■ **THE PROBLEM**: The expected output is the full set of entries, retyped verbatim, pictures excluded.

DATA TO USE: Begin

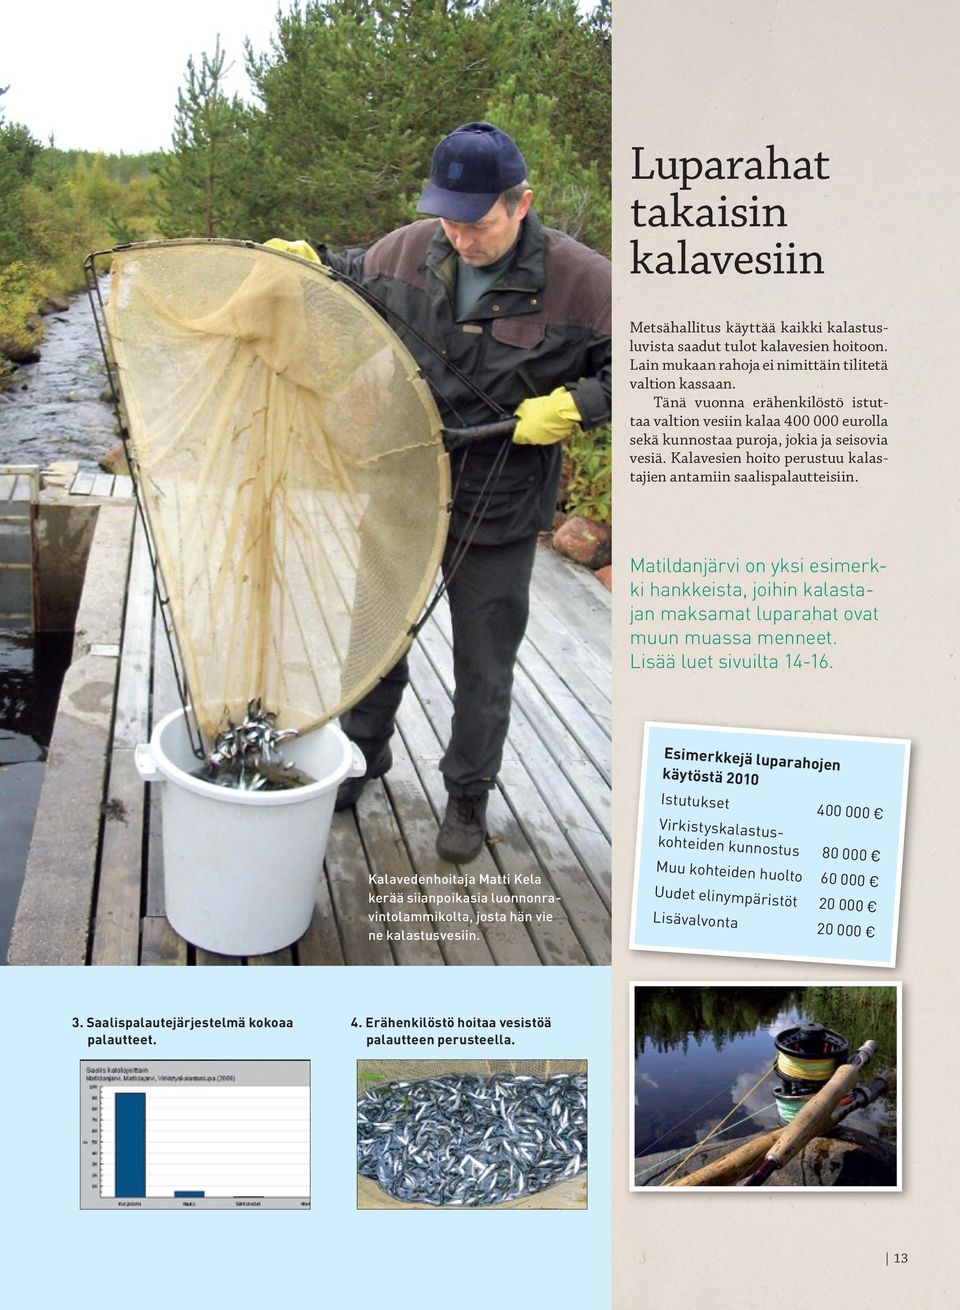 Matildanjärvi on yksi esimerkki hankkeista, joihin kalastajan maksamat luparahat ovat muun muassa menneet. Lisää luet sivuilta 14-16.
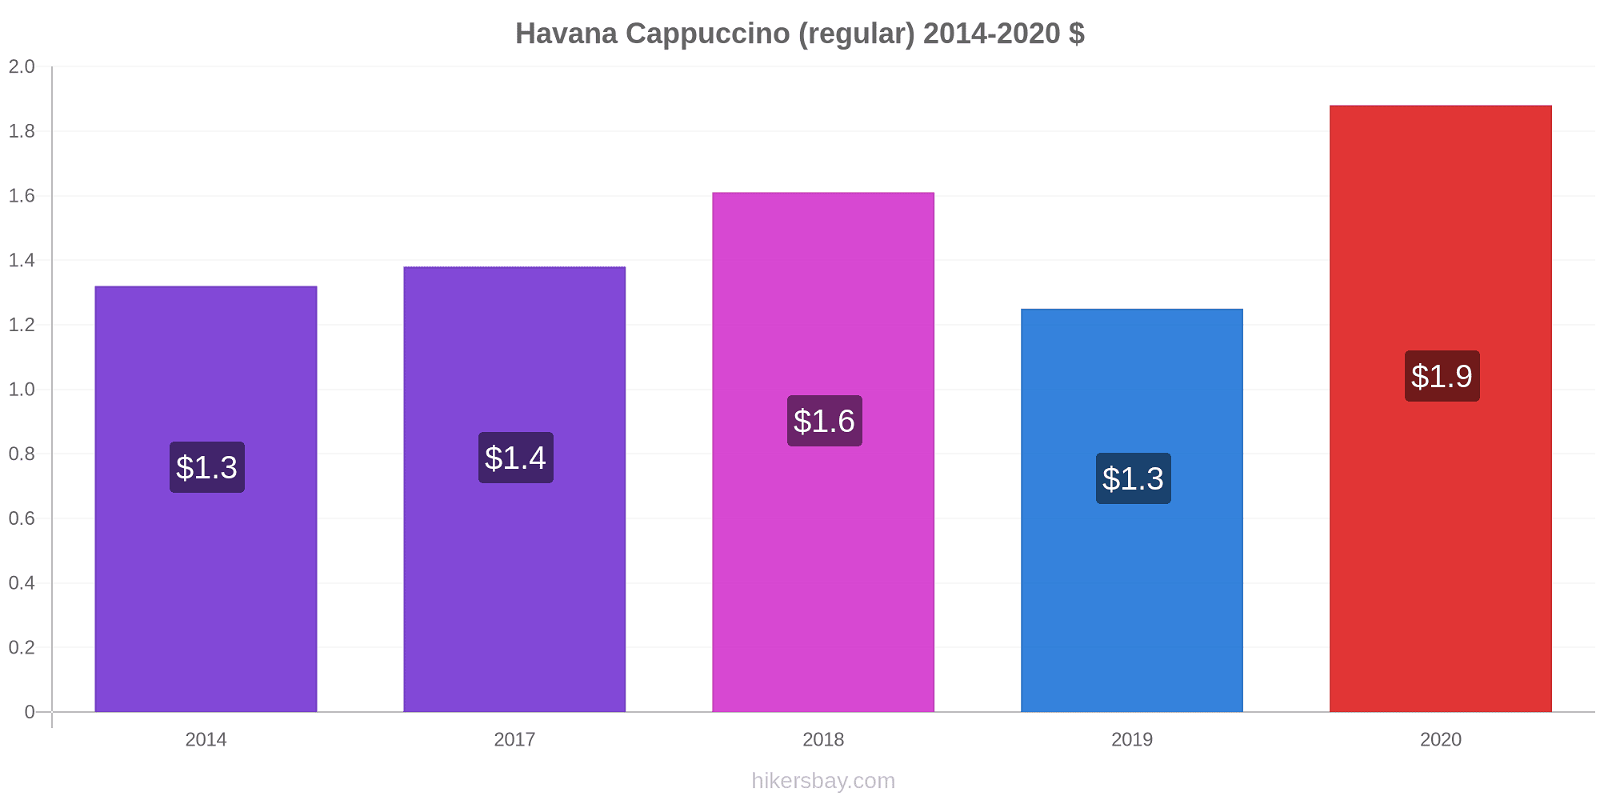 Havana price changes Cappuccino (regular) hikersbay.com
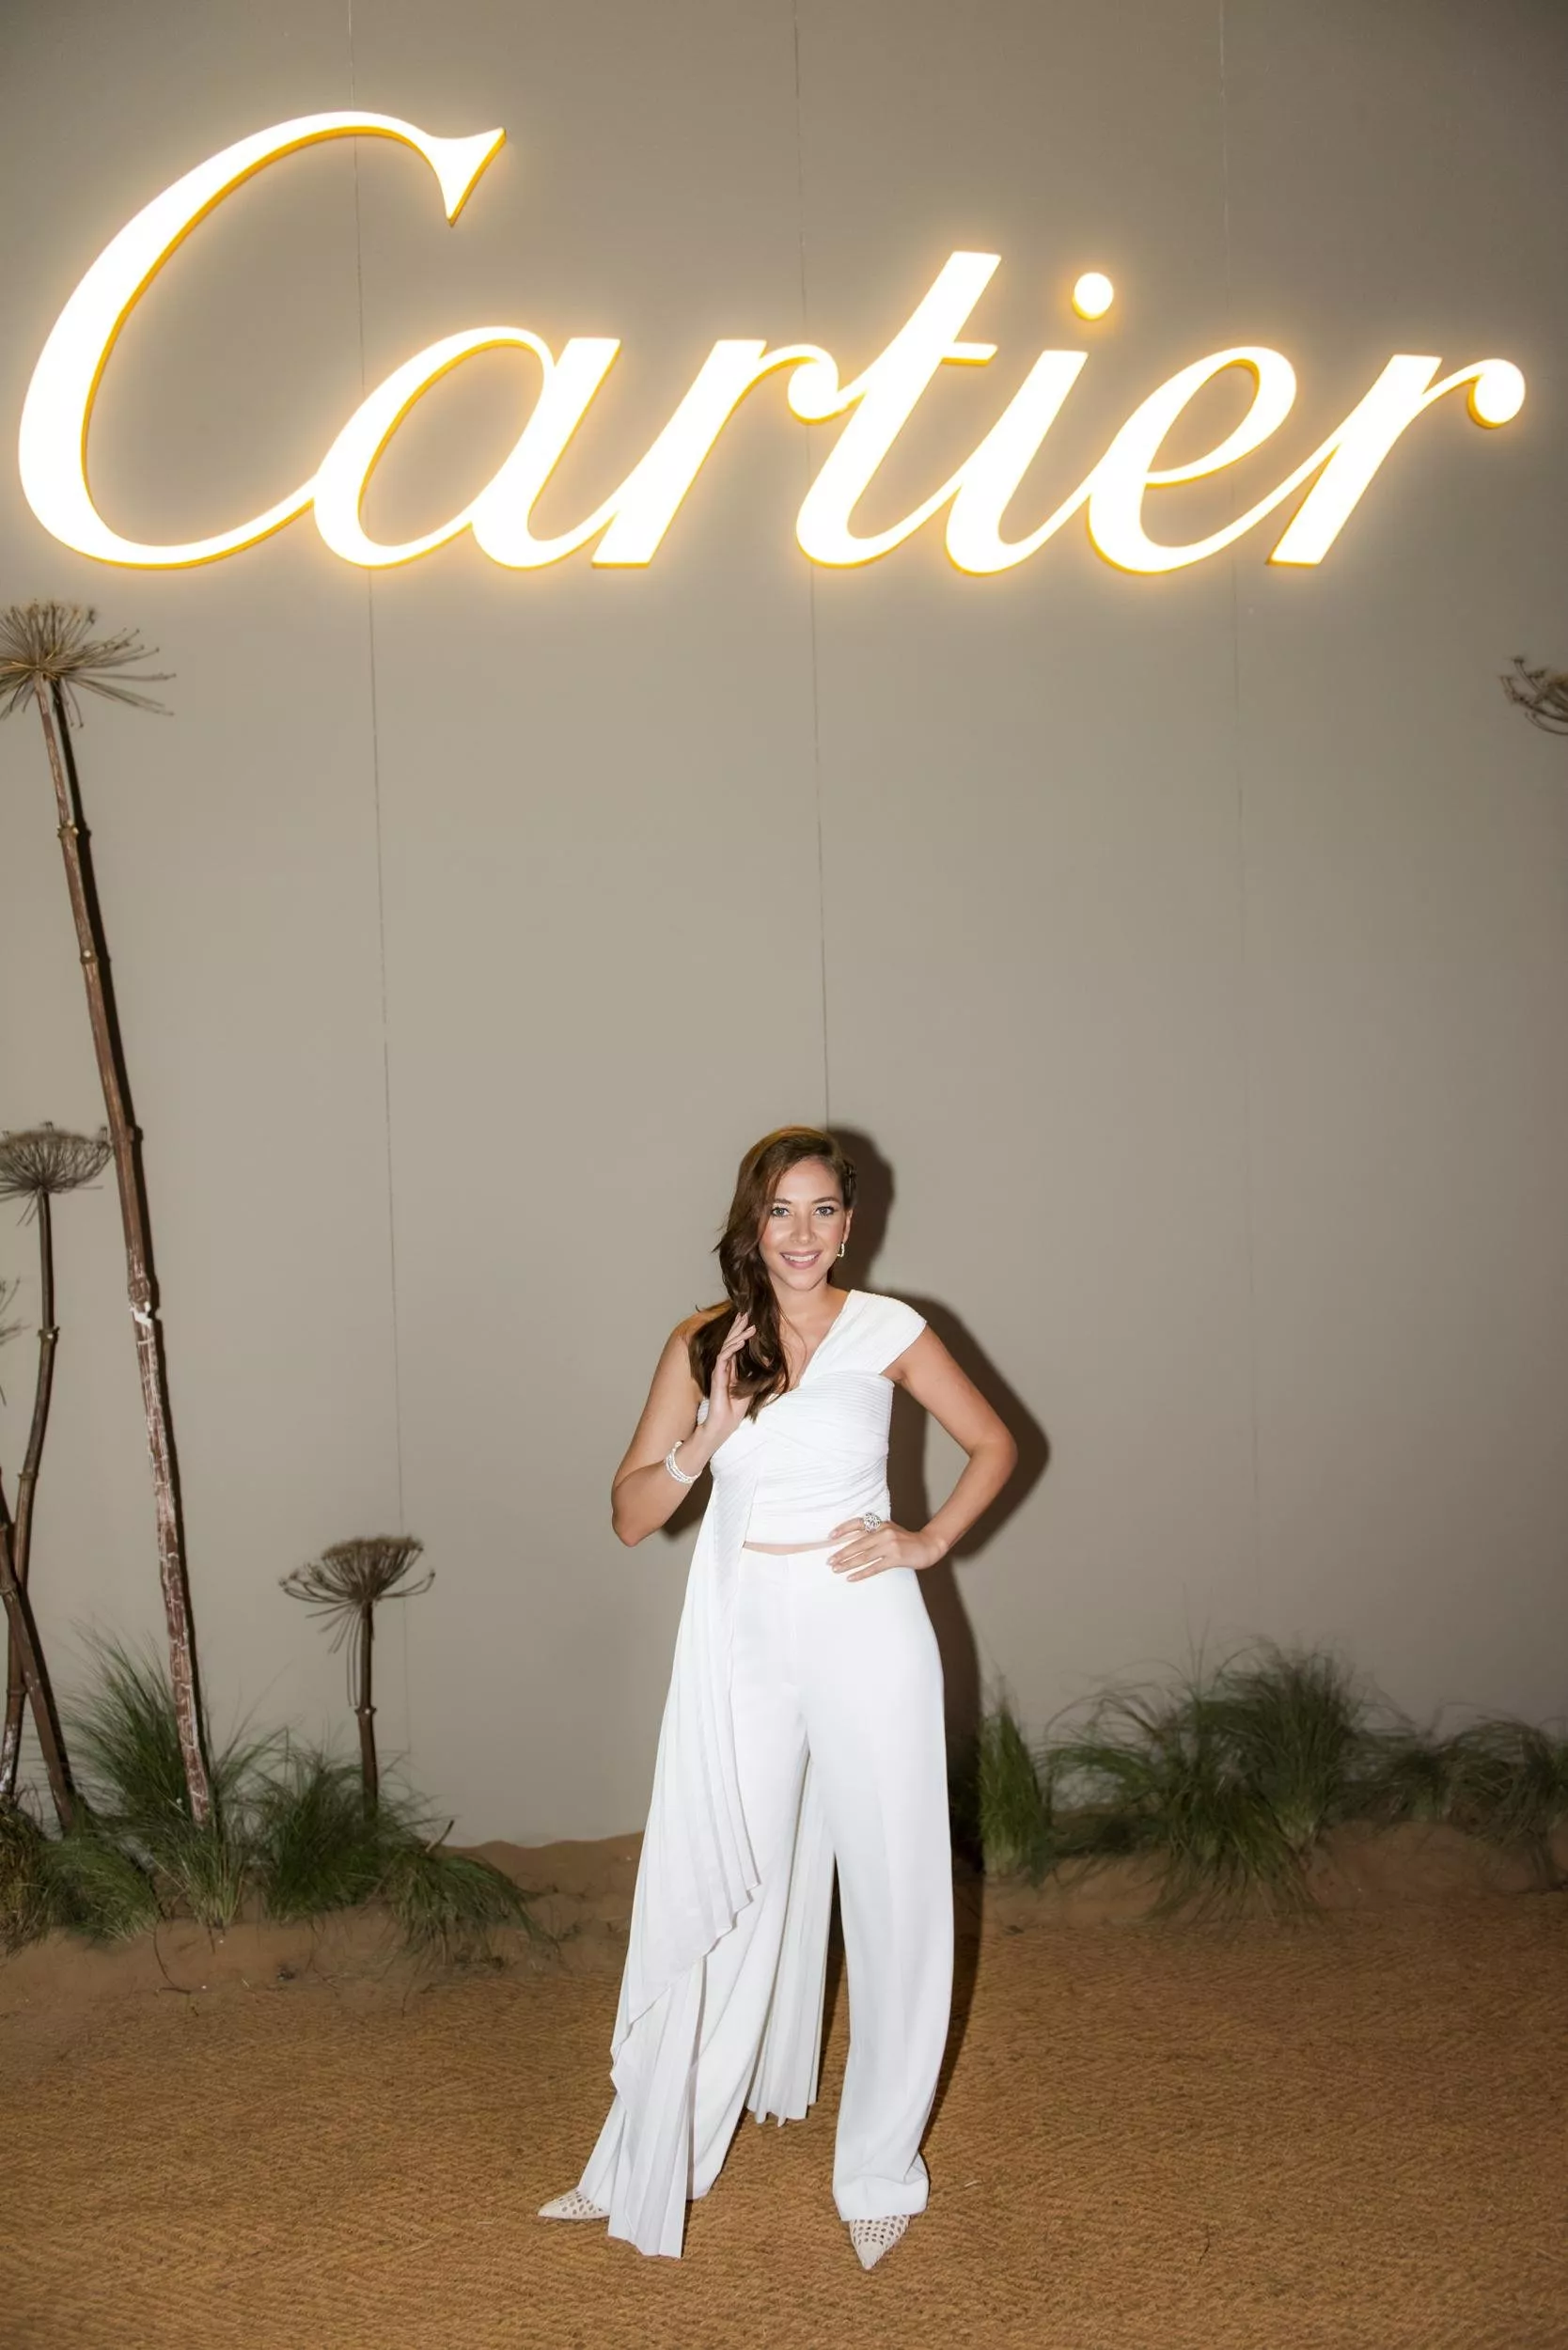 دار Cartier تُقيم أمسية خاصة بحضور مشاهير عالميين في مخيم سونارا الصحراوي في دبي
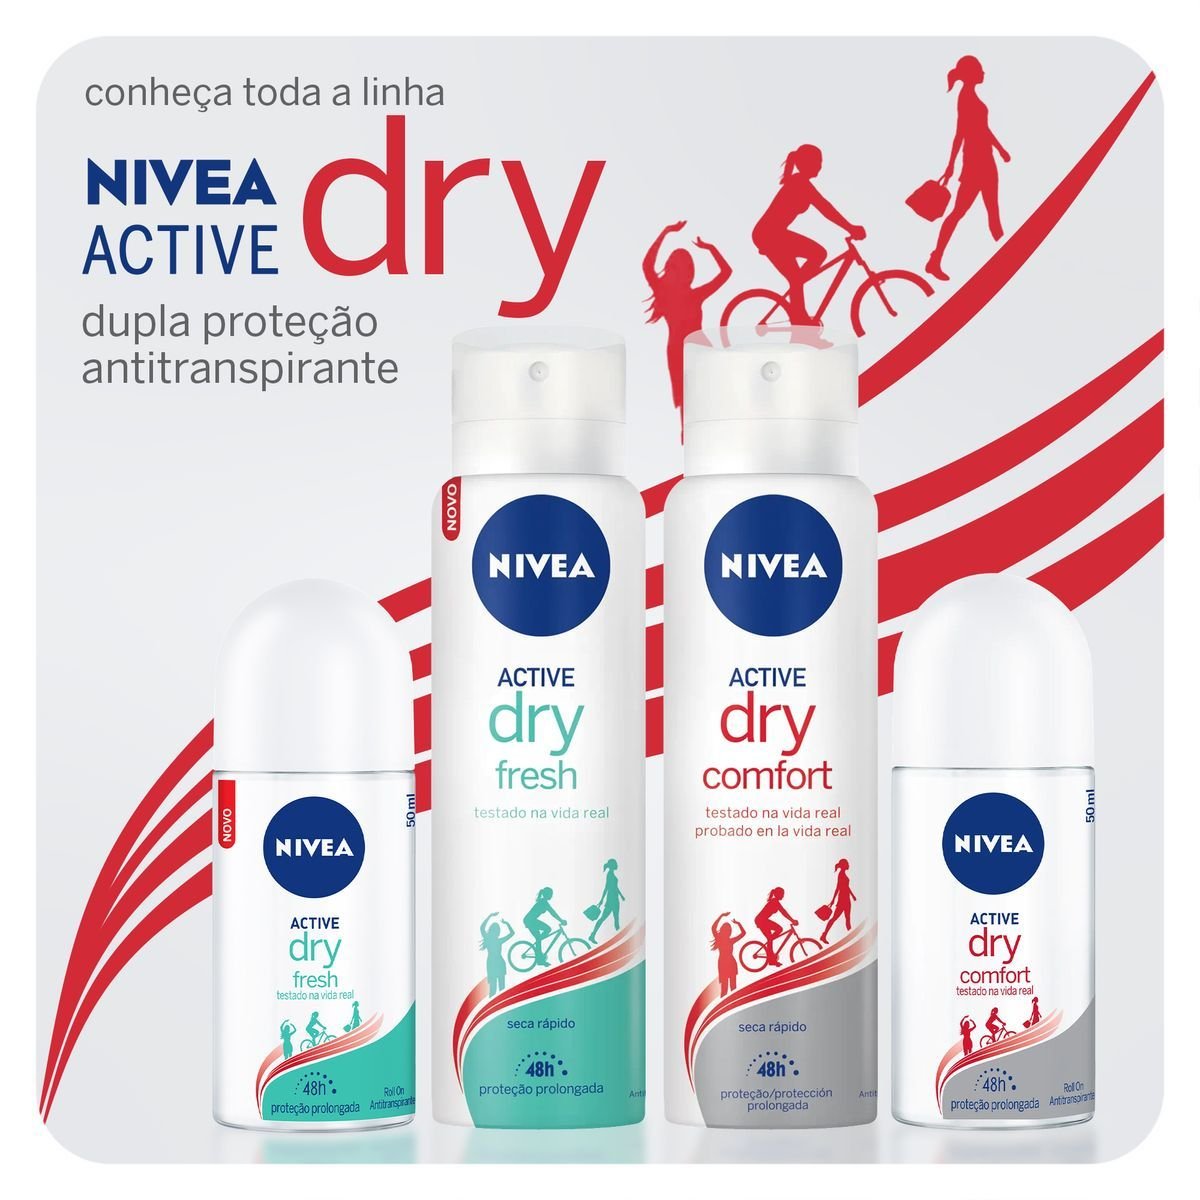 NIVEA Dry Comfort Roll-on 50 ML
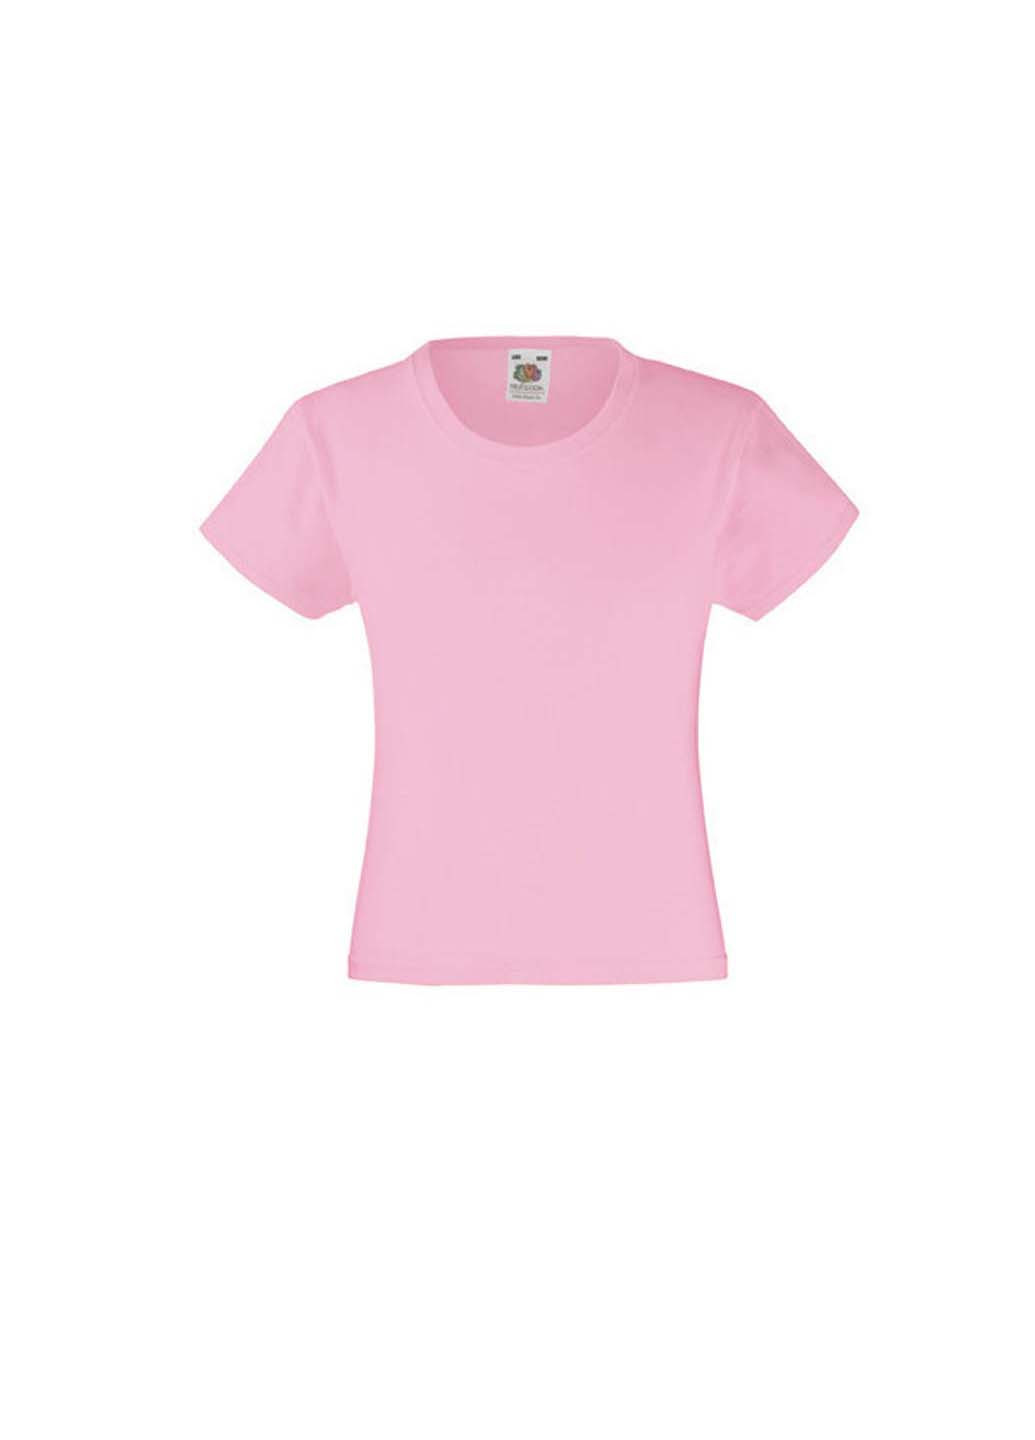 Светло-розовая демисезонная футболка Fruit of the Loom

DATA TO USE: End

■ **RESULT OF THE EXERCISE**:
 Matildanjärvi on yksi esimerkki hankkeista, joihin kalastajan maksamat luparahat ovat muun muassa menneet. Lisää luet sivuilta 14-16.
 Havana price changes Cappuccino (regular) hikersbay.com
 دار Cartier تُقيم أمسية خاصة بحضور مشاهير عالميين في مخيم سونارا الصحراوي في دبي
 NIVEA Dry Comfort Roll-on 50 ML
 Светло-розовая демисезонная футболка Fruit of the Loom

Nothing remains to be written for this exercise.